INFORMATION:
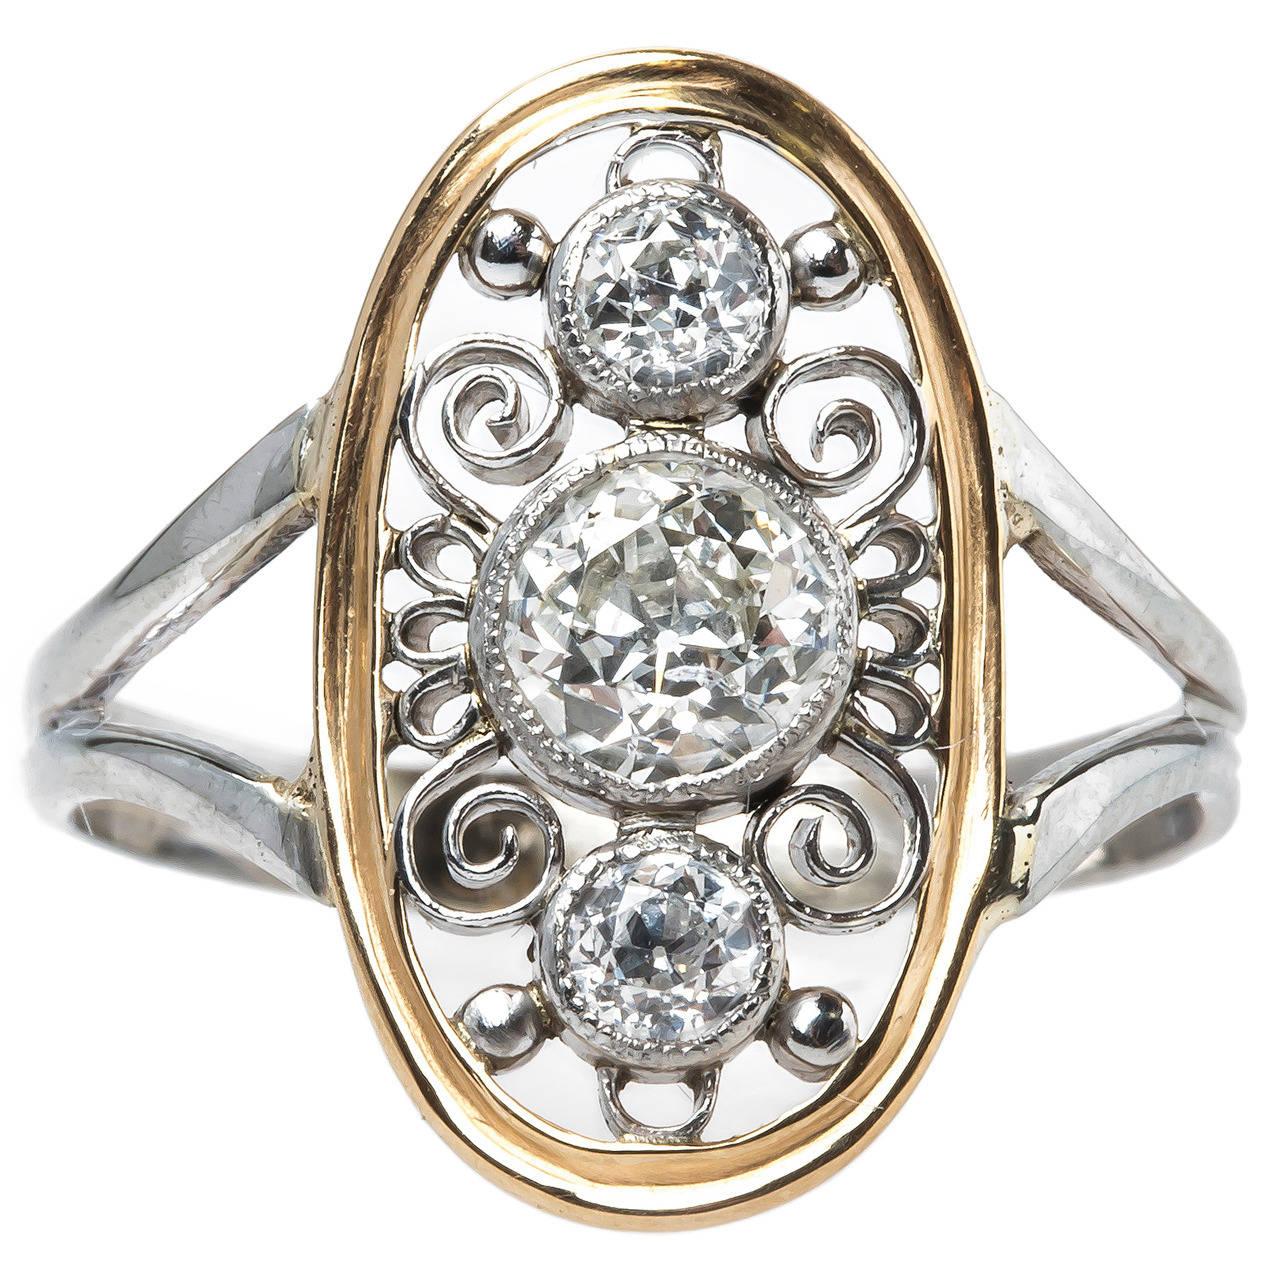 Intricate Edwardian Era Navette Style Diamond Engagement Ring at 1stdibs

---

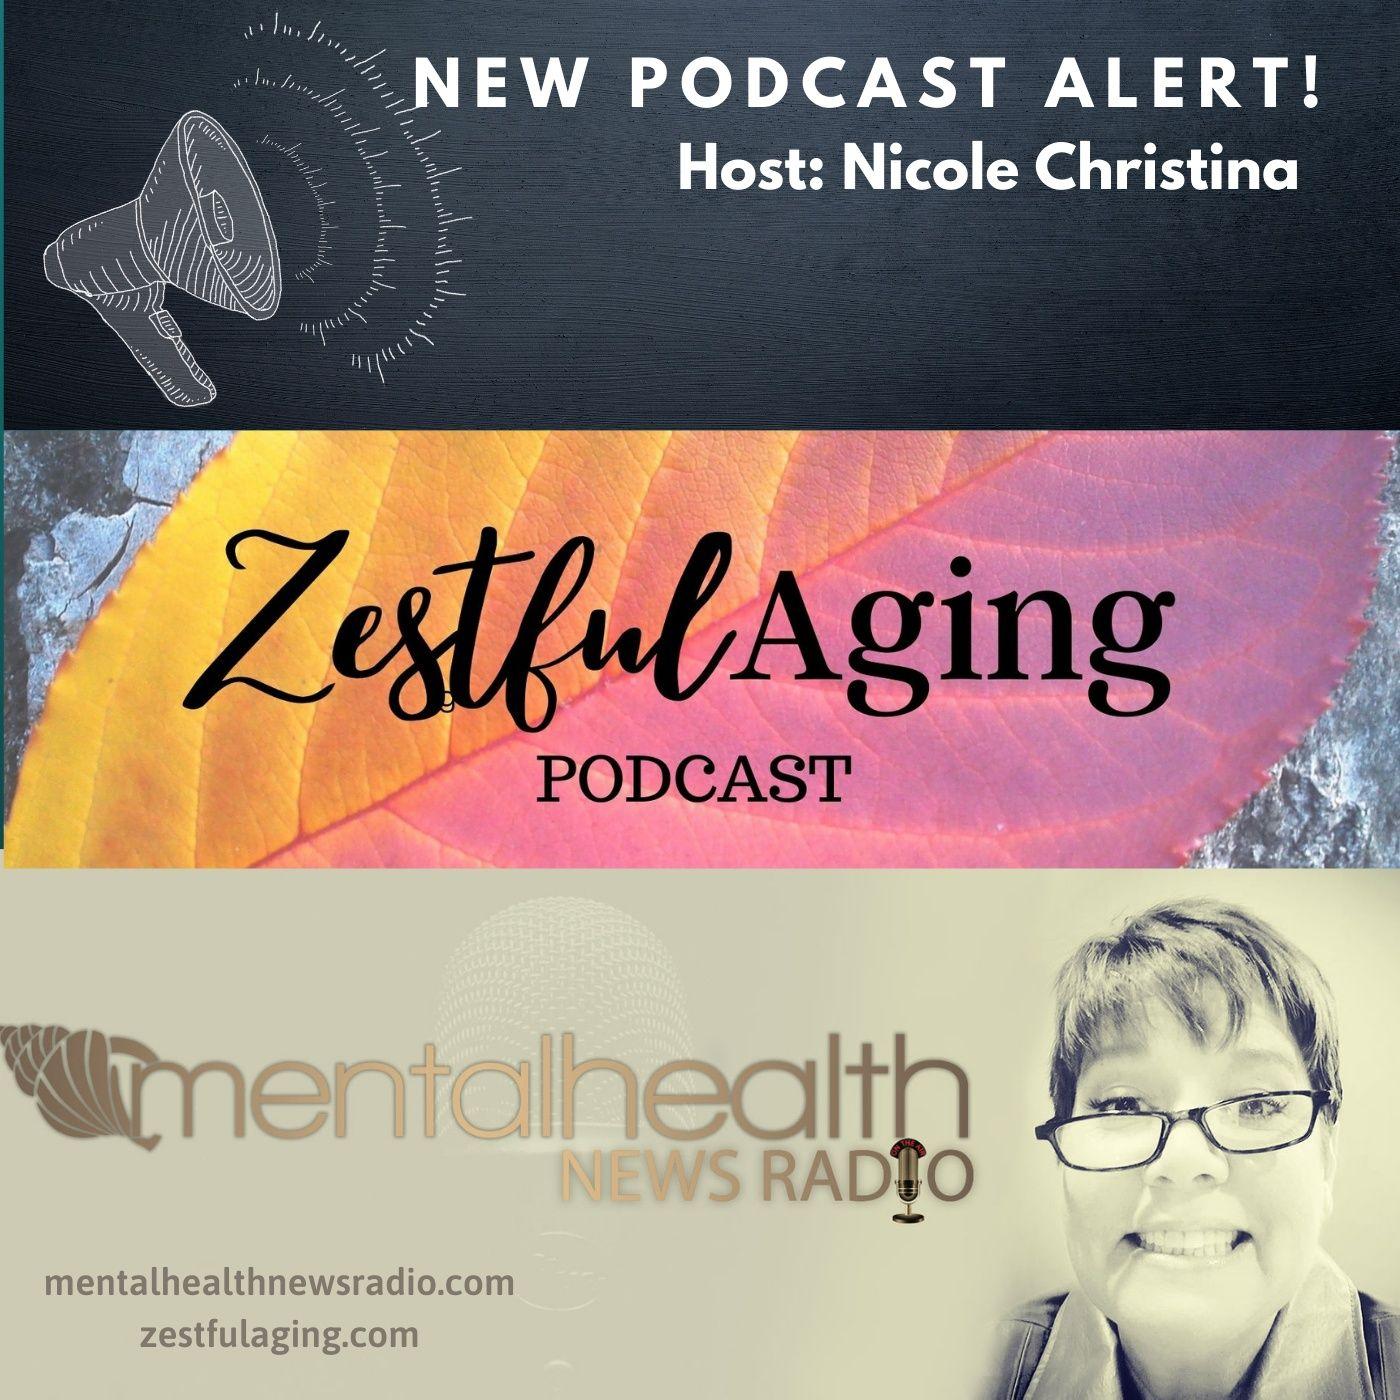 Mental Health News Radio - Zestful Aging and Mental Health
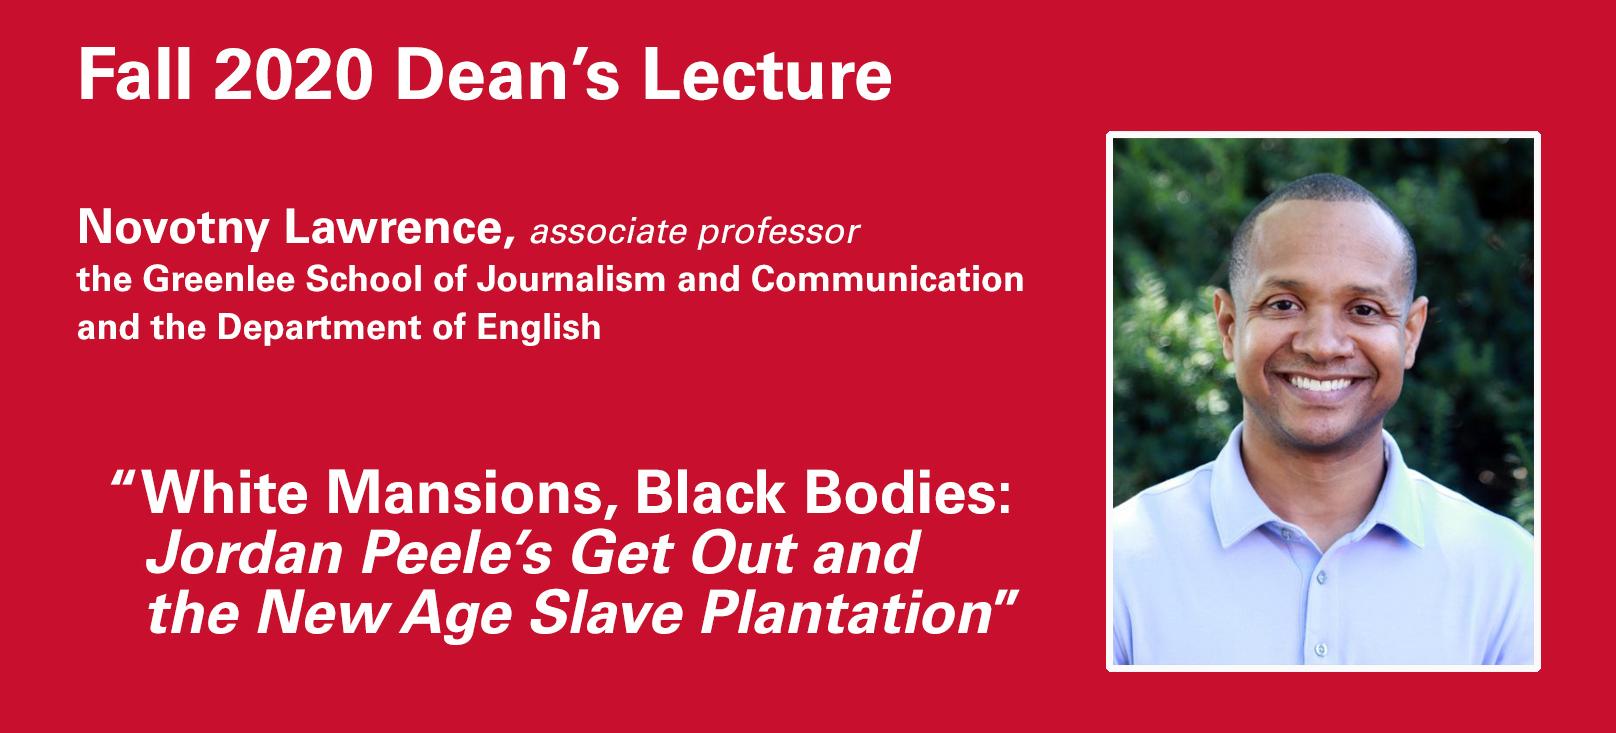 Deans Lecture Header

WHAT THE TASK REQUIRES: Produce an exact reproduction of the listing above, limited to the lines starting at the line with "Mental Health News" and ending at the line with "Deans Lecture Header", both kept, with every picture left out.

OUTPUT FOR THIS TASK:
 Mental Health News Radio - Zestful Aging and Mental Health
 Deans Lecture Header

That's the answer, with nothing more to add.